I began to wonder what other dusty copies might be just waiting to be rediscovered in the school library?  These topics and titles came to mind:

Screen Shot 2015-08-16 at 5.03.17 PMBuilding Community/Get-to-Know You Activities—Two classics from way back when whose activities have been adapted over the years:

The New Games Book was first published, gasp, in 1976! Raise your hand if you were even alive then! Here’s a portion of a review on Amazon. “This book is loaded with all sort of fun games to do as a group outside such as a family gathering, church picnic, camp activity, etc. The games involve a lot of human interaction and contact, allowing people to get to know each other better and laugh and exercise and communicate all in one activity.

I would recommend this book to anyone who just wants to do something besides the everyday get together. It really has a lot of very creative ideas for allowing more fun among a gathering of people. A lot of the games require a lot of cooperation and good sportsmanship among the players. It’s all in good fun. A great way to get to know each other better. The motto as the book subtitle indicates is, “Play Hard, Play Fair, Nobody Hurt!”

Screen Shot 2015-08-16 at 5.04.50 PMSilver Bullets: A Guide to Initiative Problems, Adventure Games, & Trust Activities is another resource for activities that help students come together and appreciate one another’s strengths.

The next time you are at school, do an archeological dig in your library’s stacks and see if you can unearth these still-relevant gems from an earlier time. They are packed with ideas to use as is or to adapt for your own situation.

 

Personalization, individualized learning, and differentiation.  These concepts each have some unique characteristics, but they all focus on creating a classroom where one-size-lesson-plans do not cut it. Organizing classroom routines, grading, and structuring learning environments in these ways can be quite daunting.  Dr. Carol Ann Tomlinson, herself a former middle school teacher, has led the way in writing about classrooms that meet individual learning needs.  Check out one of her books for ideas that you can adapt to your particular situation.

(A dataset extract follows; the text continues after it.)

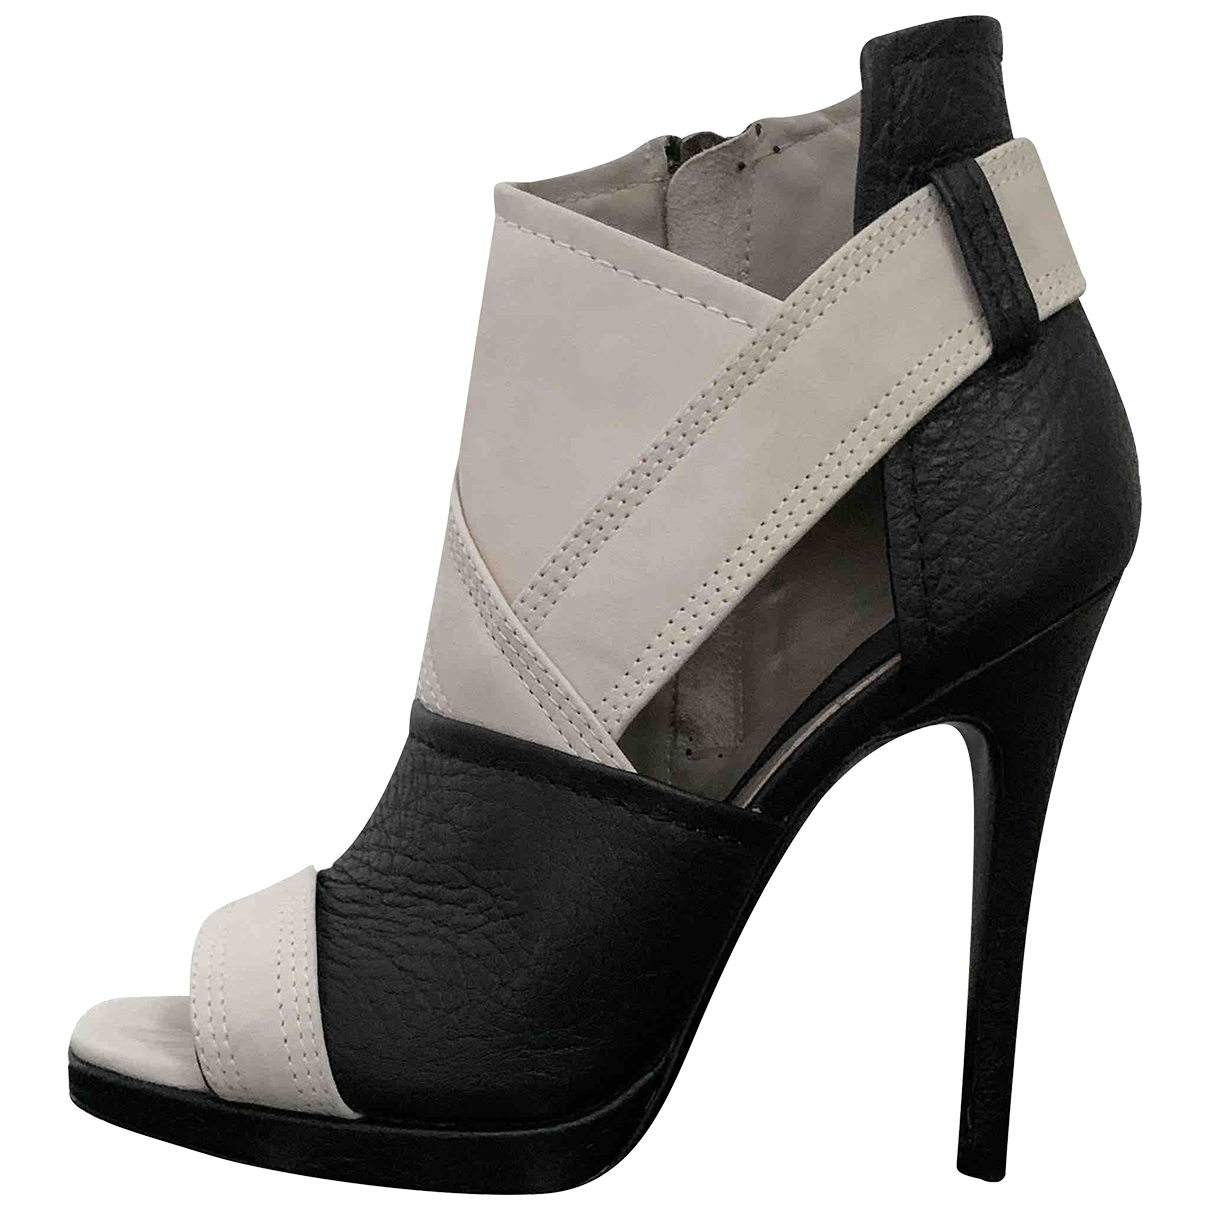 Mcq \N Black Leather Sandals for Women 38 EU

Carol Ann Tomlinson titles
Carol Ann Tomlinson titles

 

MaineMaine Studies: In 1989 The Maine Literature Project published Maine Speaks: An Anthology of Maine Literature.  Its intended audience was middle and high school students, and its purpose was to provide Maine students access to the rich and varied literary heritage of our state. Authors and peoples represented include:

• The Wabanaki

• Edna St. Vincent Millay

• Sarah Orne Jewett

• The Passamaquoddy

• French immigrants

• Factory workers

• Fishing, farming, and lumbering families

• Marsden Hartley

Organized by the themes of Identity, Nature, Work, Communities, and Origins, these pieces are rich in history, voice, and texture—authentic pieces of Maine life for the 2015 classroom.

So…take a walk on the wild side and detach yourself from the digital world.  Visit the professional resources section of your school library and shop for free. You just might be surprised by what you find!